- Input data -
+ + + +

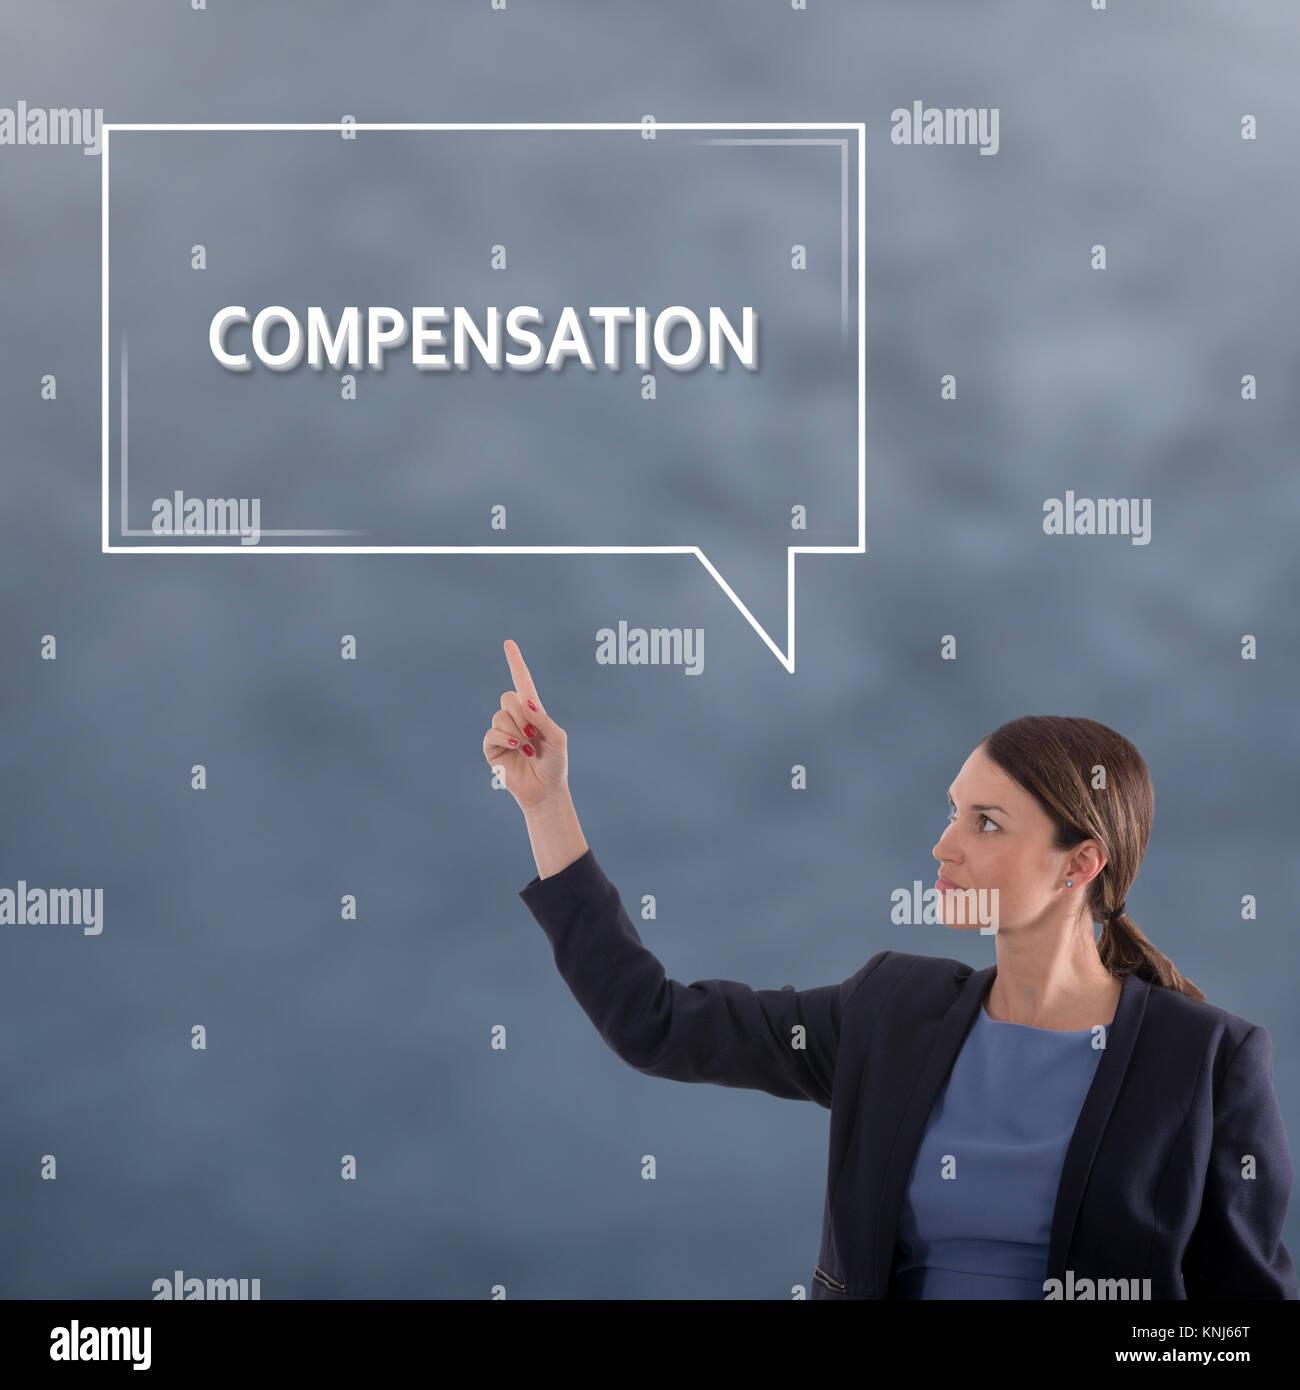 COMPENSATION Business Concept. Business Woman Graphic Concept - Stock Image
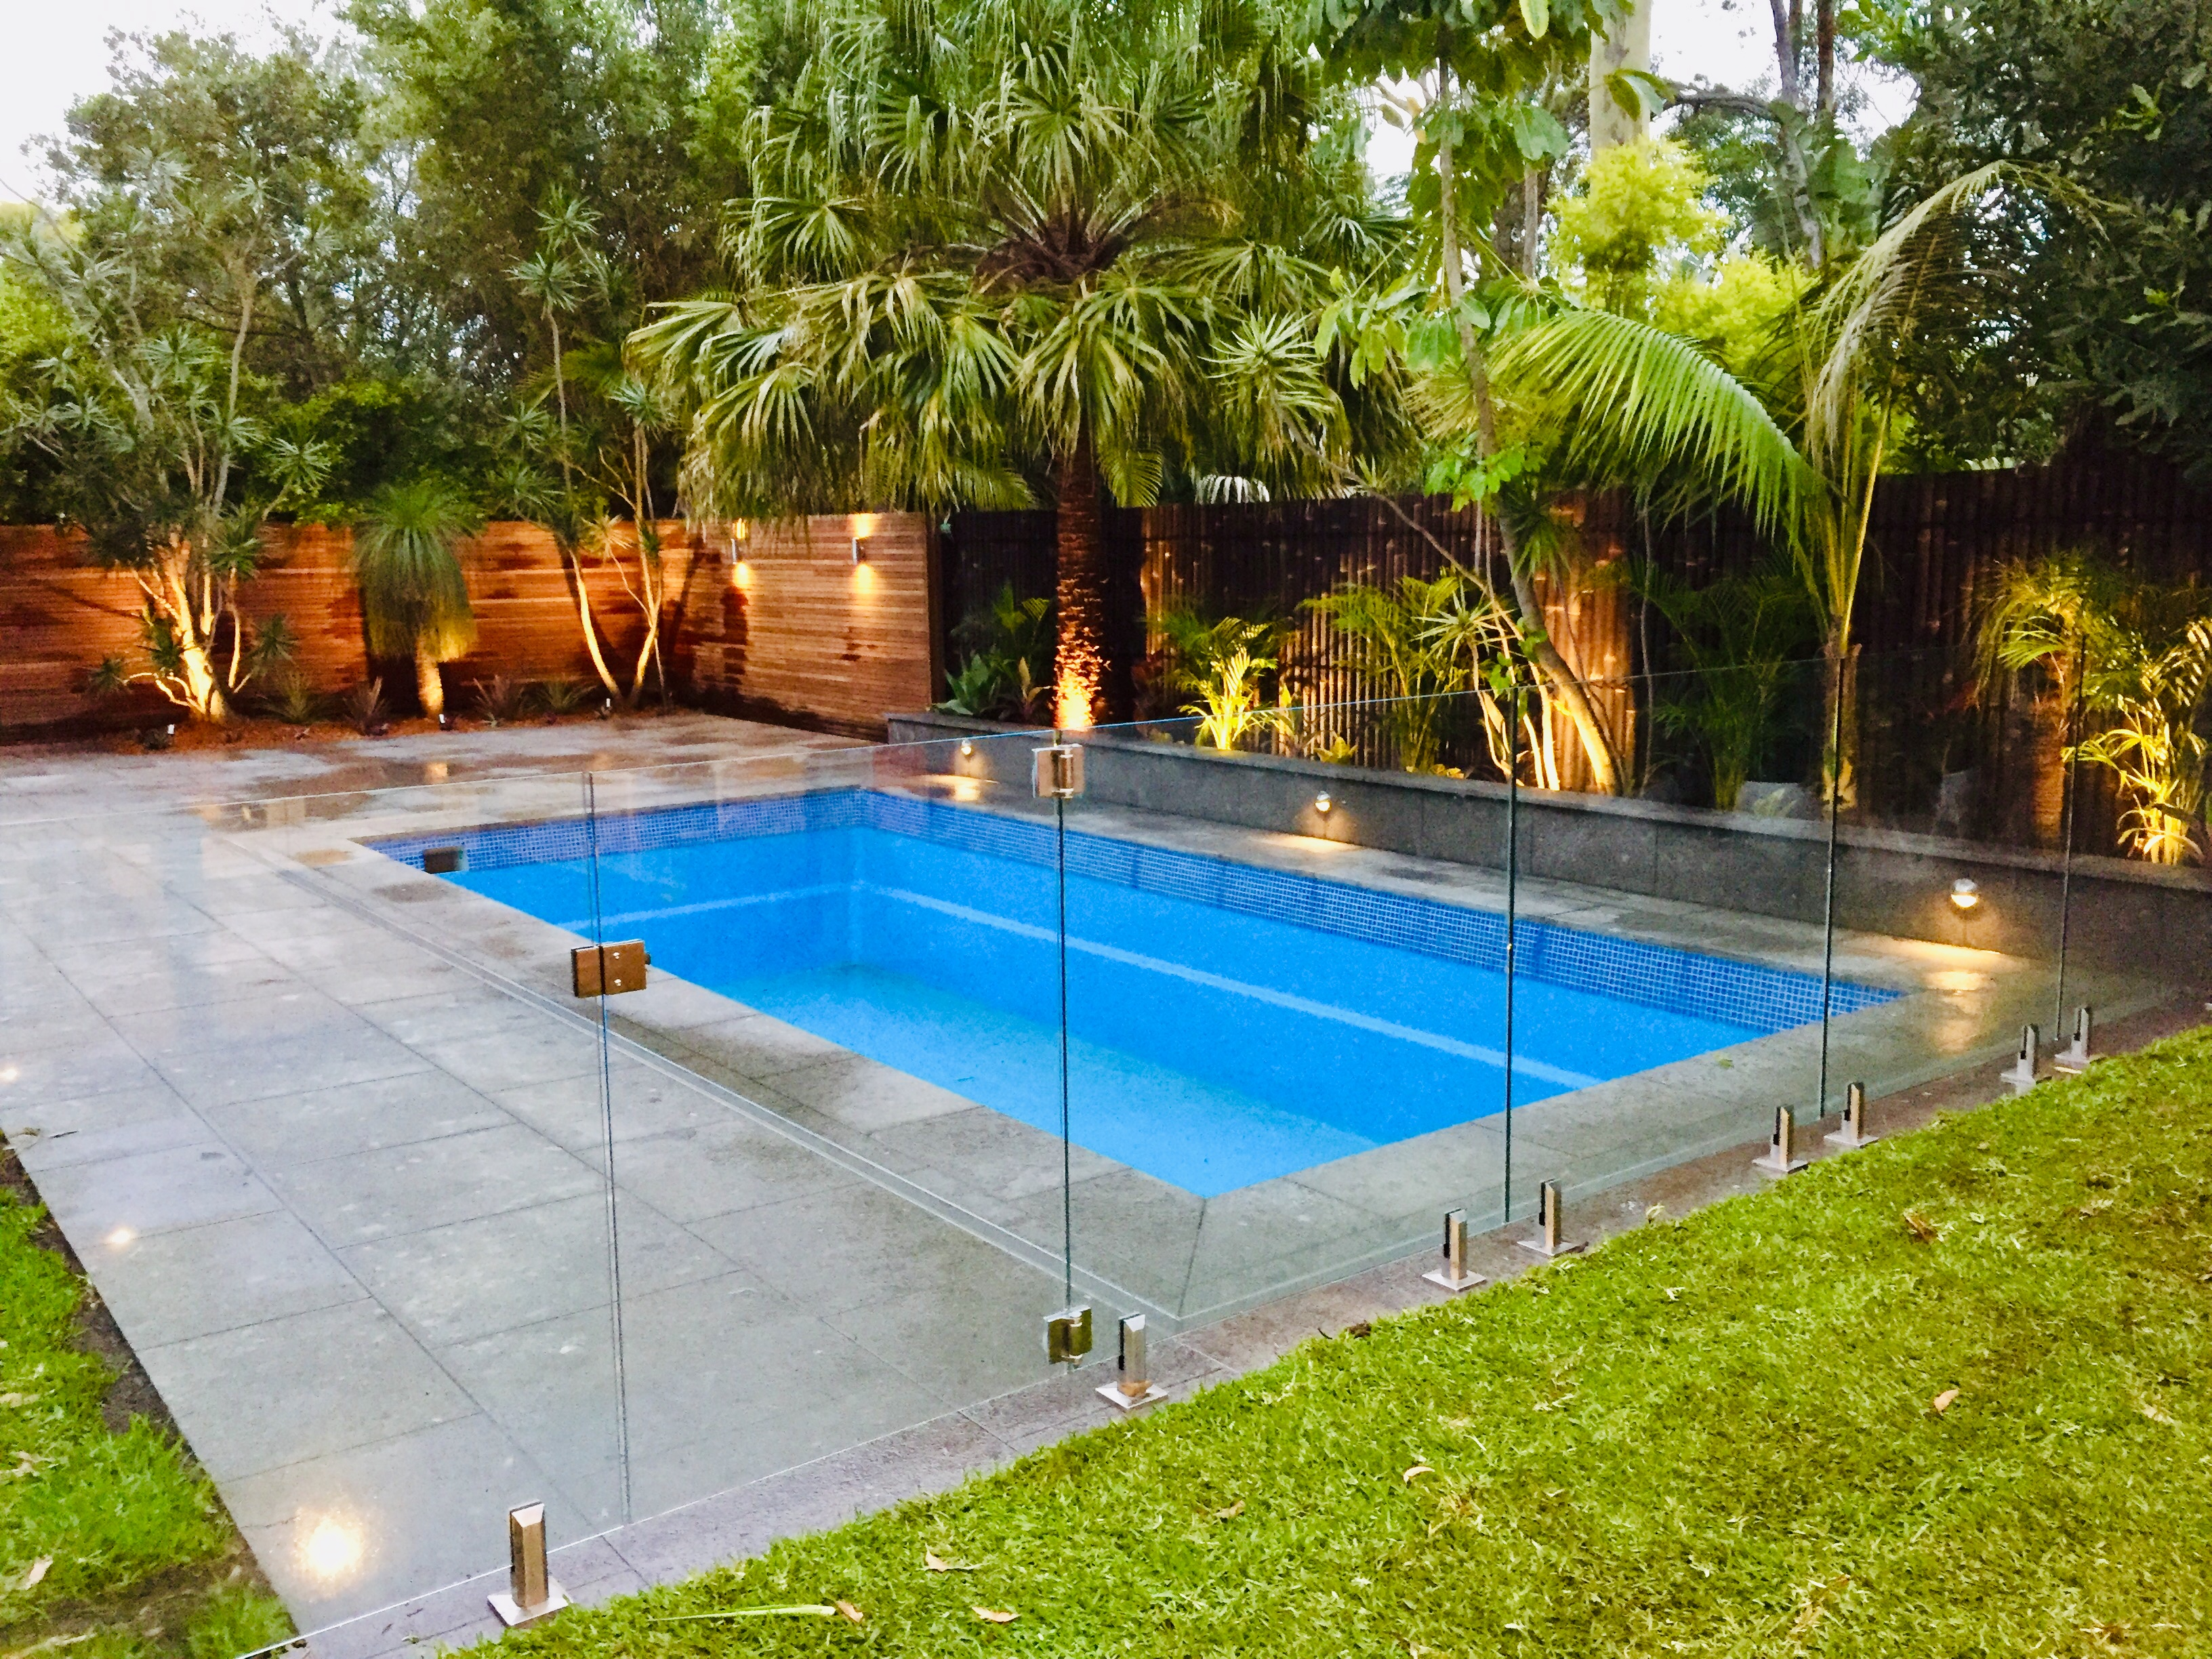 Pool Renovation - Paving - Glass Fence -
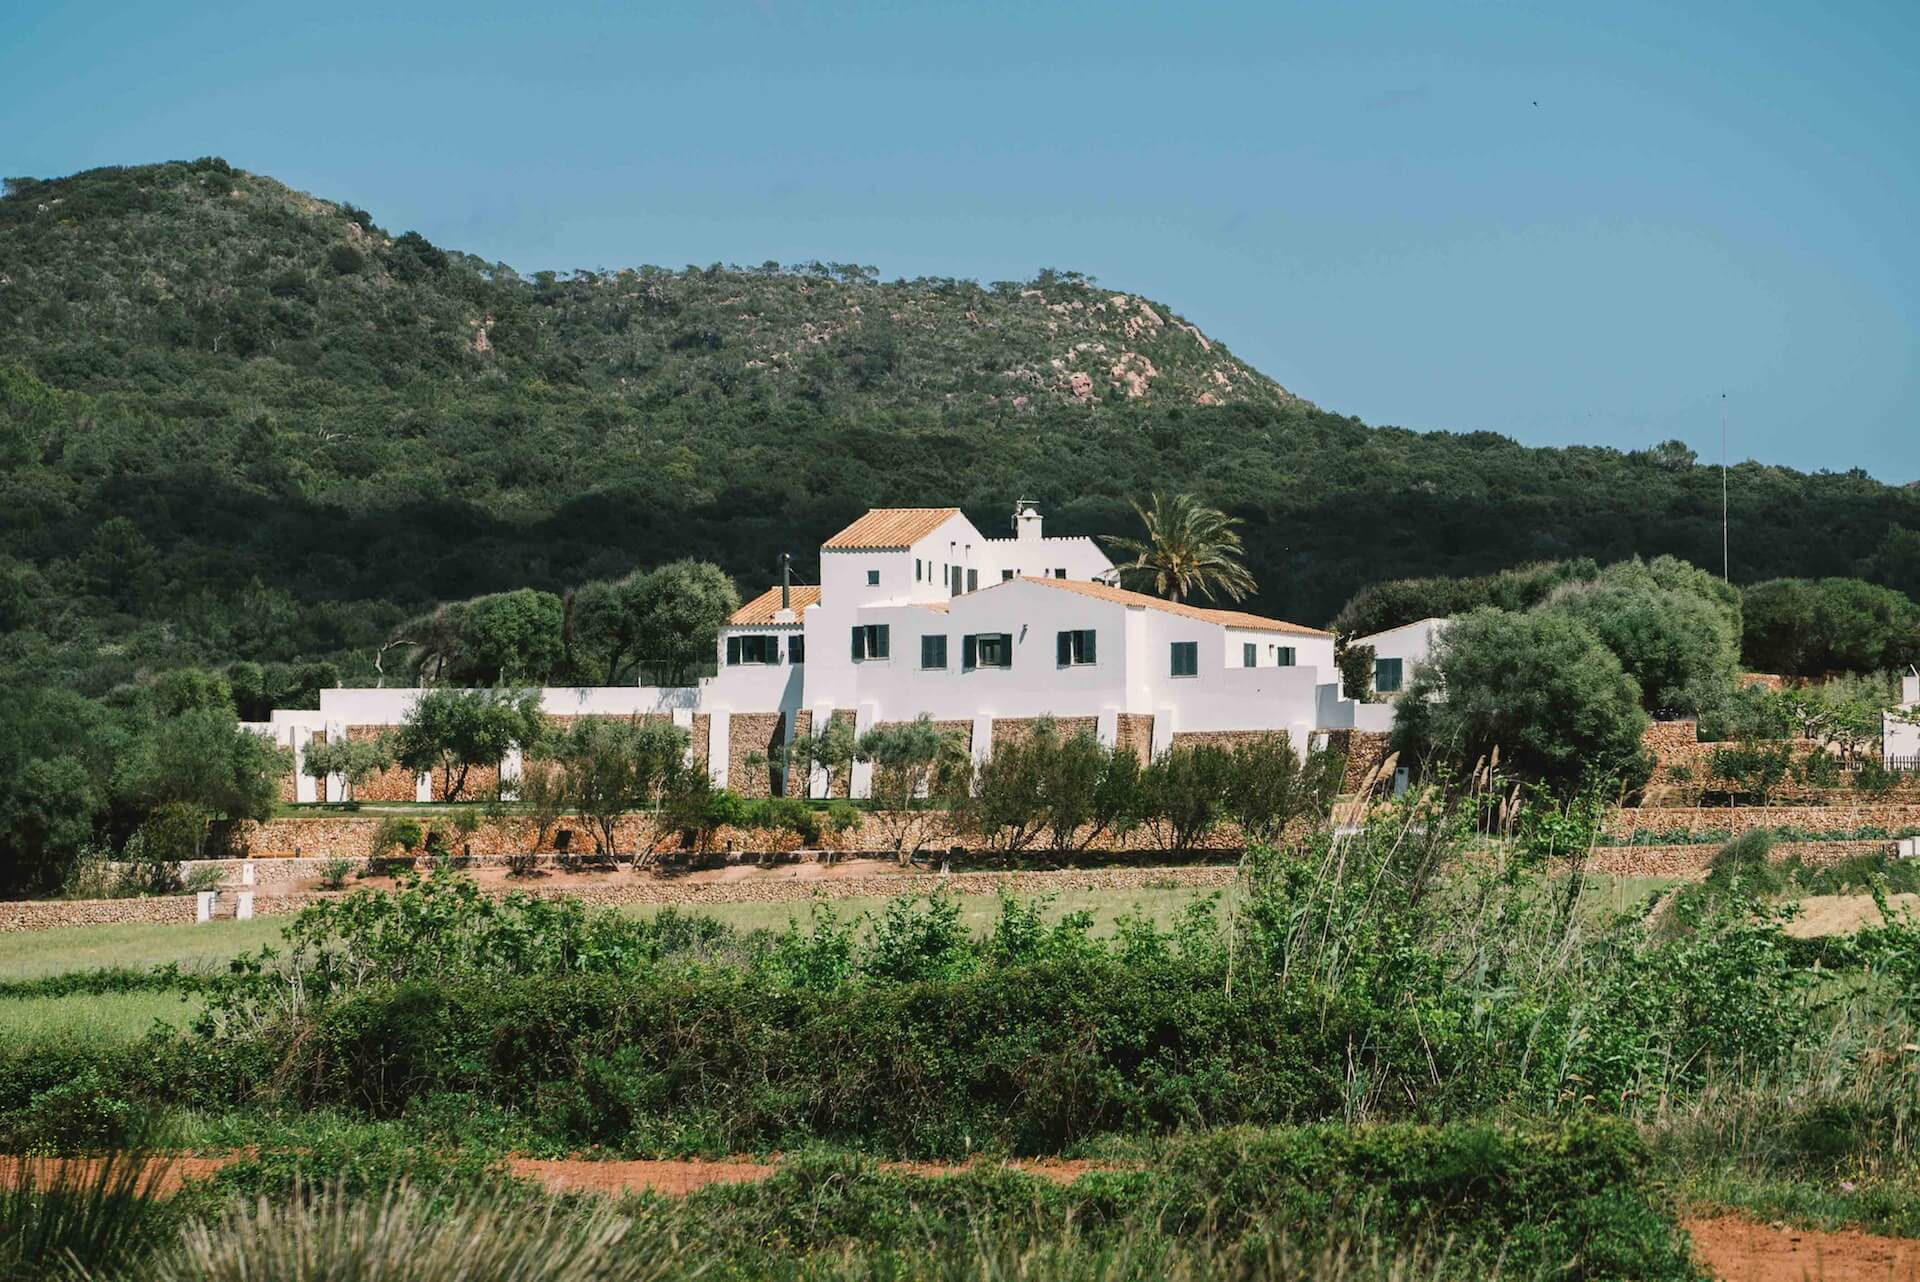 View of the farmhouse at Son Felip

+ + + +

Only the lines from the line with "Pool Renovation - Paving" through the closing line of the data, both included, should be set down, exactly as written and without pictures.

 Pool Renovation - Paving - Glass Fence -
 View of the farmhouse at Son Felip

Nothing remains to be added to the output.